An exact reproduction of the listing is wanted, with the pictures dropped.

→ **DATA BELOW**
══════

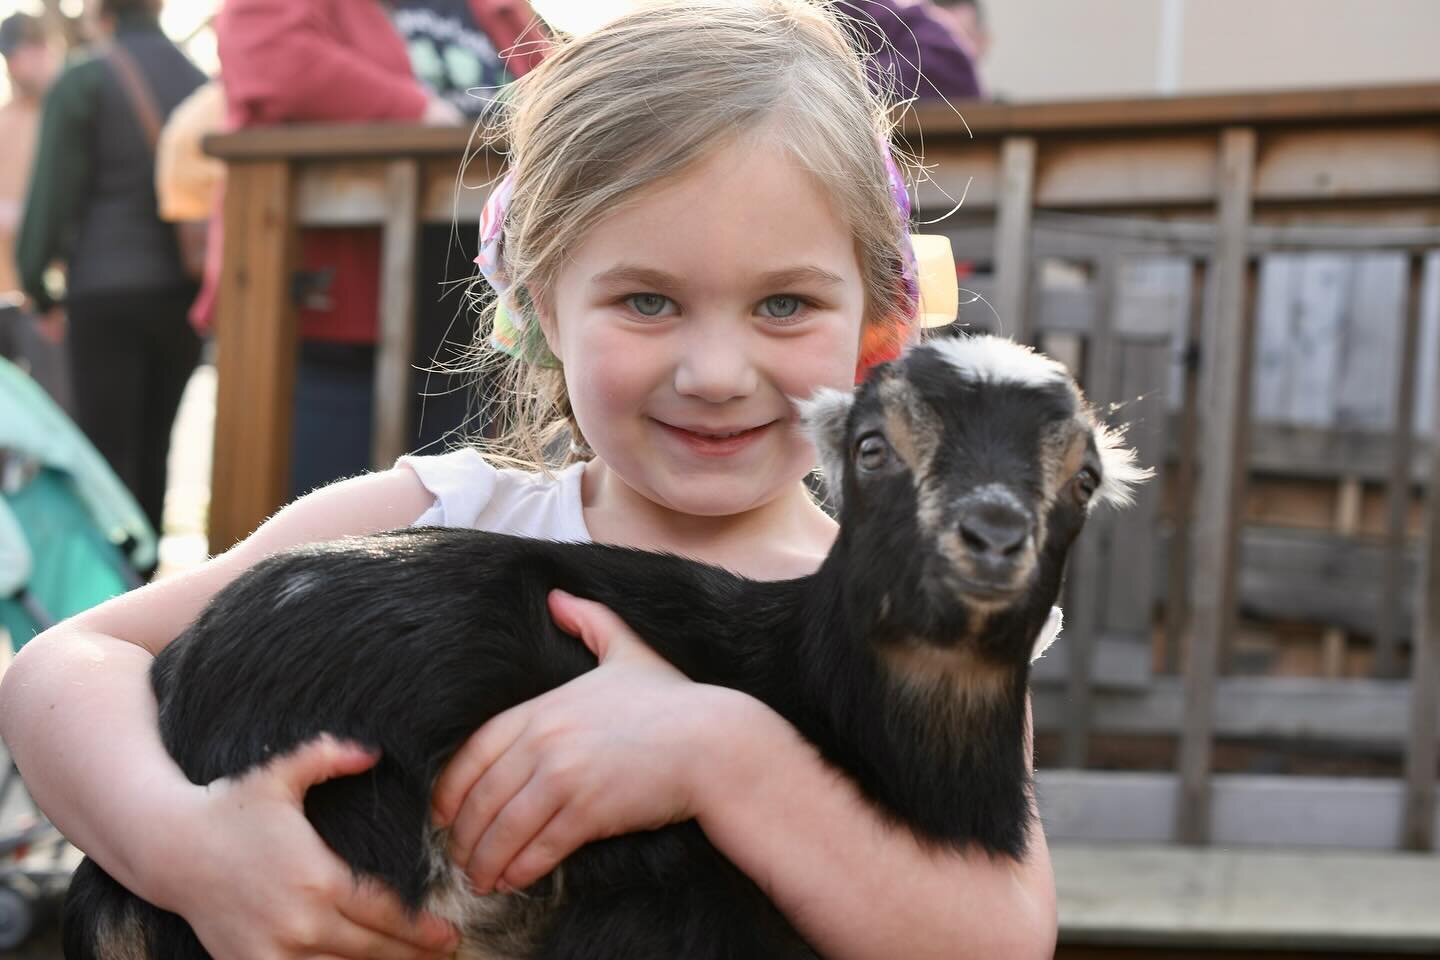 Baby Goats return this Thursday, March 14th! 5pm-8pm

☀️Mother nature approves baby goats and has blessed us with sunshine the rest of this week!

🐐Ridgewalker has teamed up with a local goat breeder, @carpentercreekranch to provide all the cute bab

══════

→ **RESPONSE TO THE EXERCISE**
 Baby Goats return this Thursday, March 14th! 5pm-8pm

☀️Mother nature approves baby goats and has blessed us with sunshine the rest of this week!

🐐Ridgewalker has teamed up with a local goat breeder, @carpentercreekranch to provide all the cute bab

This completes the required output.